I'm not quite there yet as my son is only 16 months.

At the moment I have instinctively disciplined. He will get a firm No! or similar if he I'd doing something naughty or inappropriate. I have backed this up with a hand slap on about four occasions when I thought the action was bordering on dangerous and he wasn't taking notice of my words (not sure if I will get flamed for this).

As I said, it's very instinctive and generally this has worked very well. He no longer plays with the toilet and tries to lift the lid and post things and he understands the road is dangerous etc.

Thing is I know I am moving towards the terrible toes and I'm thinking whether I need to decide about how I'm going to handle bad behaviour in the future or if in going to carry on as I am.

Is the time out/ naughty step accepted as the accepted way to do things or is everyone doing something different depending on the child.

I really don't want smacking to become normal in our house and need a strategy that my son will understan, action/consequences etc.

Thanks

Time outs work very well on young children.
DS is 4.6 and still very effective.

Smacking is confusing

MildDrPepperAddiction Sun 23-Mar-14 21:14:03

When they are this young just remove them from the dangerous object or whatever and a firm No. They are too young to understand time outs etc. Smacking is not the way to go. How would you teach your child not to hit if you hit them?

realitygone Sun 23-Mar-14 21:16:17

I have relaxation bottles.

You fill a bottle with water and then put loads of glitter in it, when you put the child on time out you give them a glitter bottle to look at, shake it up first and tell them once the glitter settles you will be back
It aims to distract them from their state of mind. Works very well with all children I've done it with

To add to my post, which I left out - I meant from 2.5 + for time outs.

as PP said, your DC is too young for time outs just yet although I think your OP suggested you know this already.

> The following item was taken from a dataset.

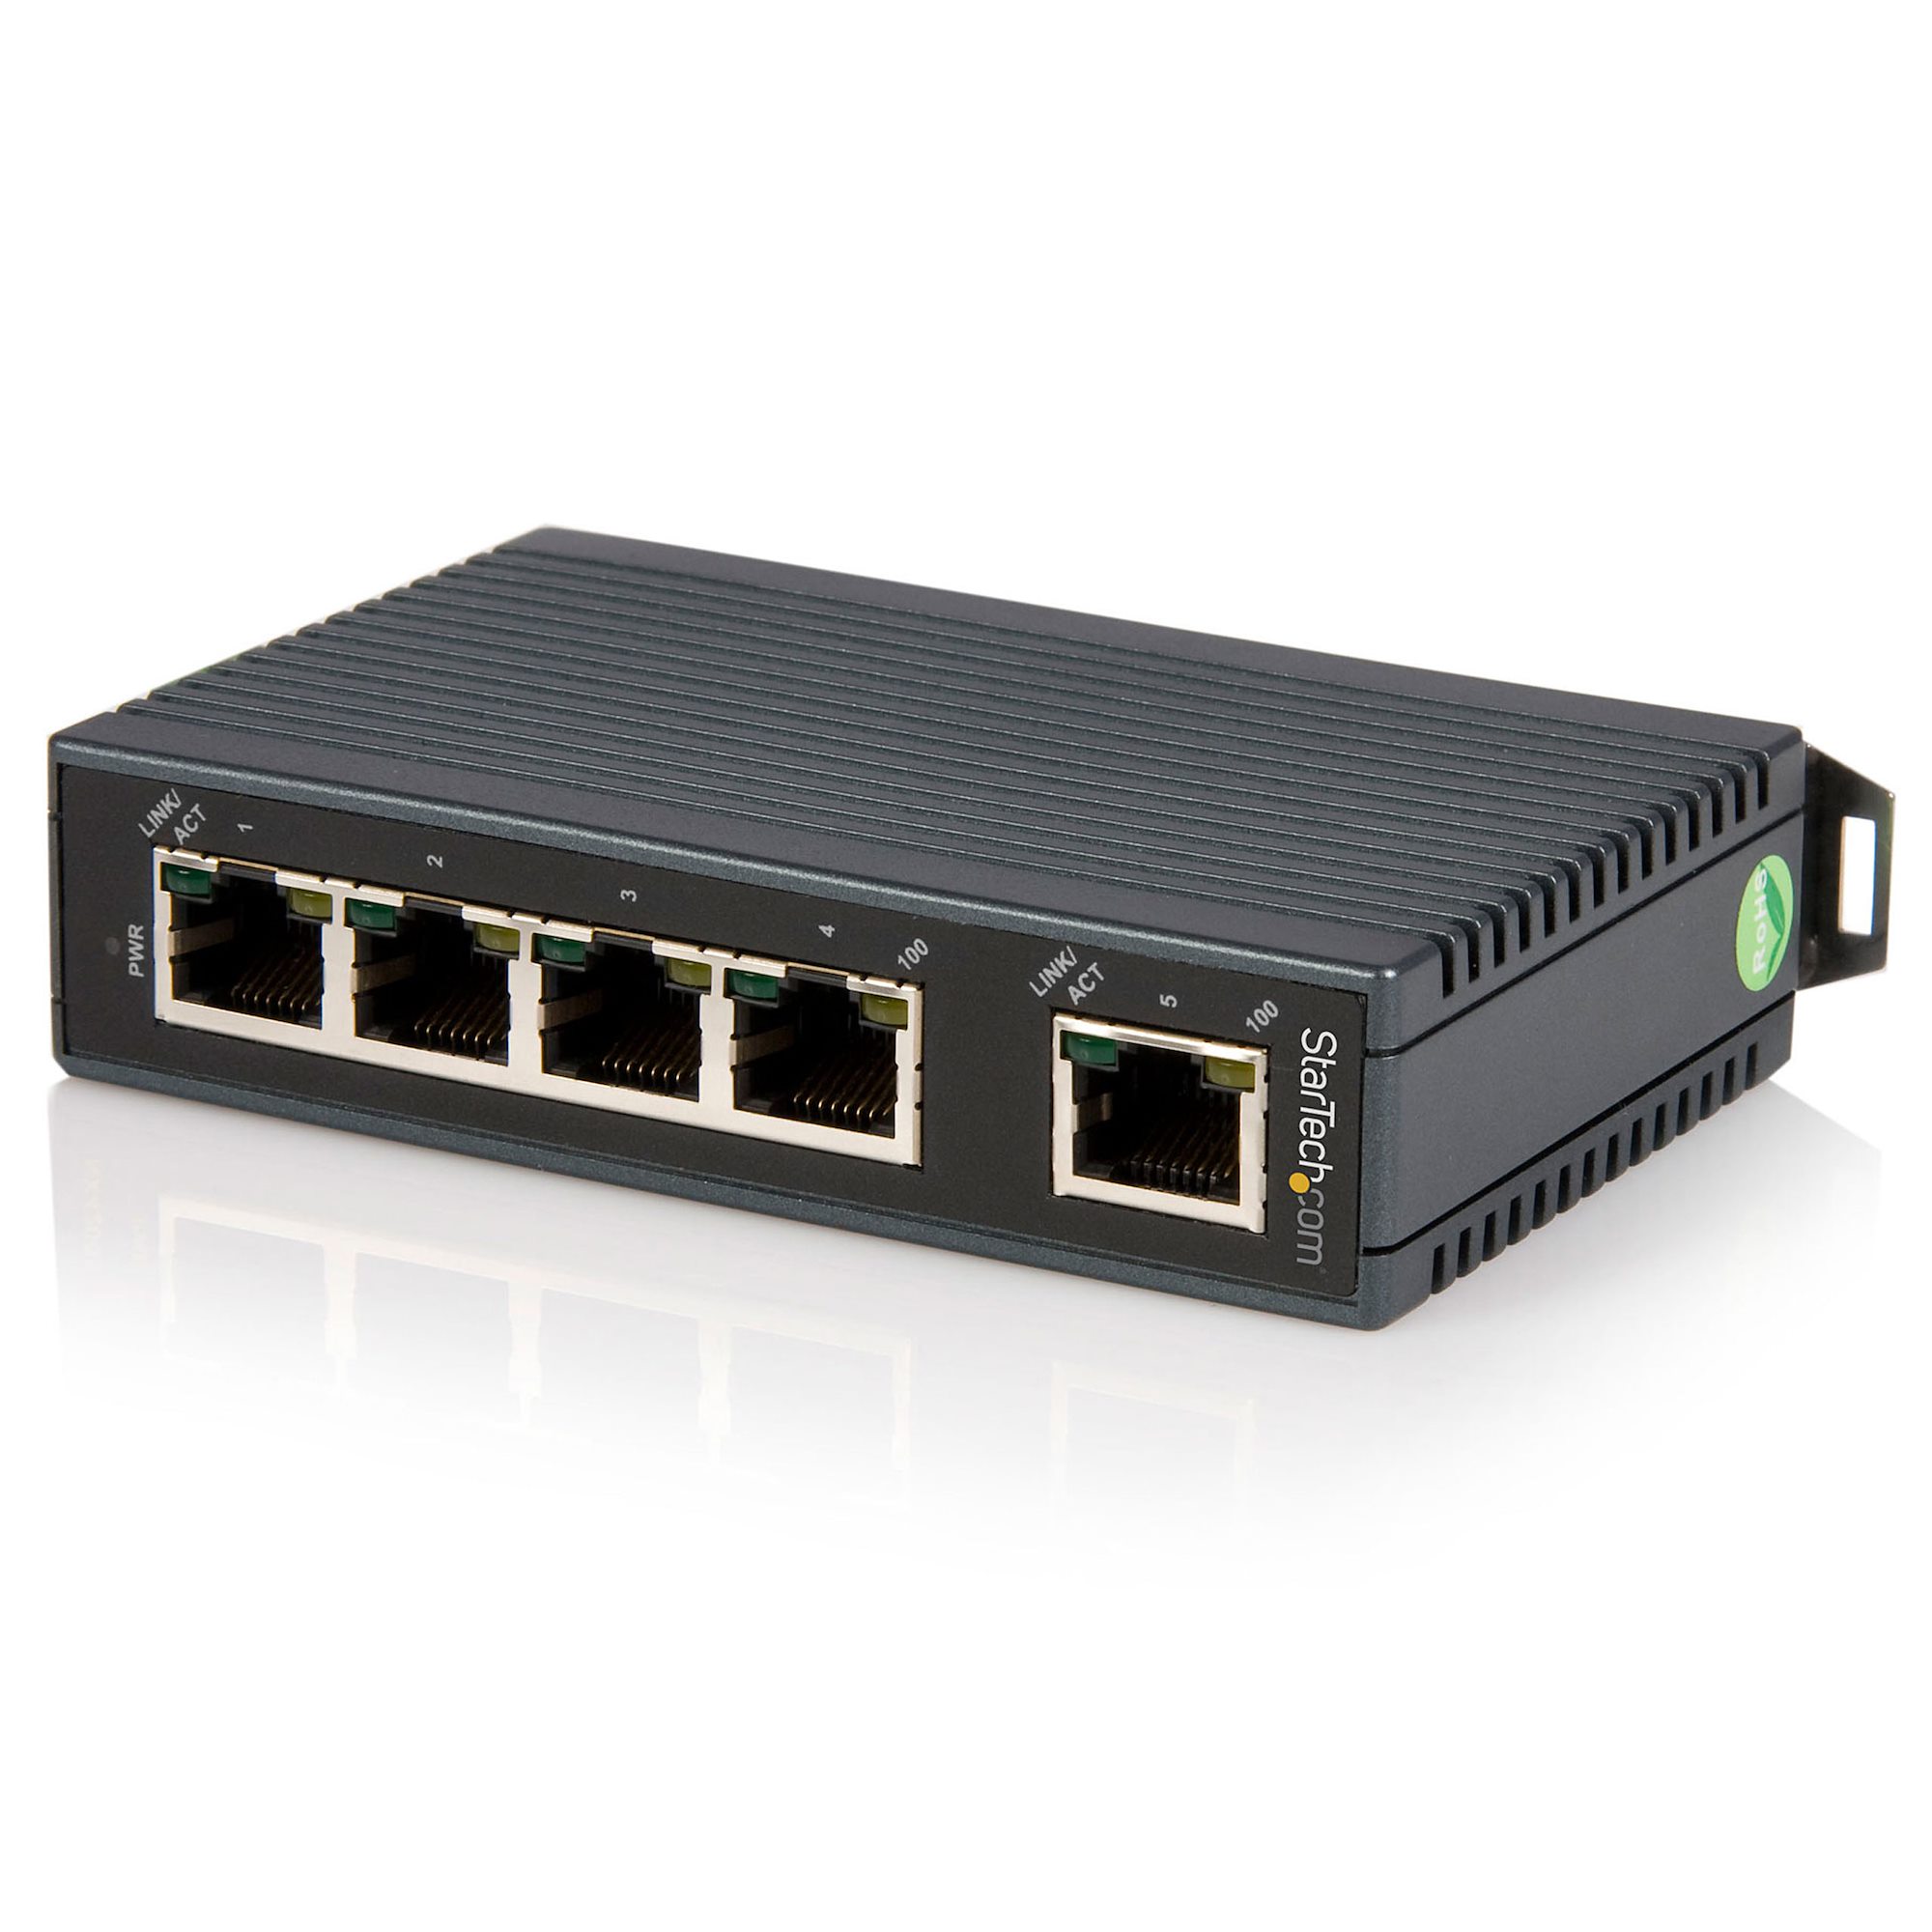 Industrial Ethernet switches

But it does interest me that you think your DC is too young to understand time outs but smacking is understandable?

Ludways Sun 23-Mar-14 21:18:54

I've never used naughty step or time out, when they were little firm no and distraction always worked very well. I'm fact it still works now they're 12 and 8, lol.

frownyface Sun 23-Mar-14 21:20:36

I did time outs from when my son was about 2.5.

Worked well for us, he is now six and havent needed to use time outs for quite some time.

Smacking seems to me to be going about discipline the wrong way. How can you expect a child not to hit when you are using the behaviour yourself?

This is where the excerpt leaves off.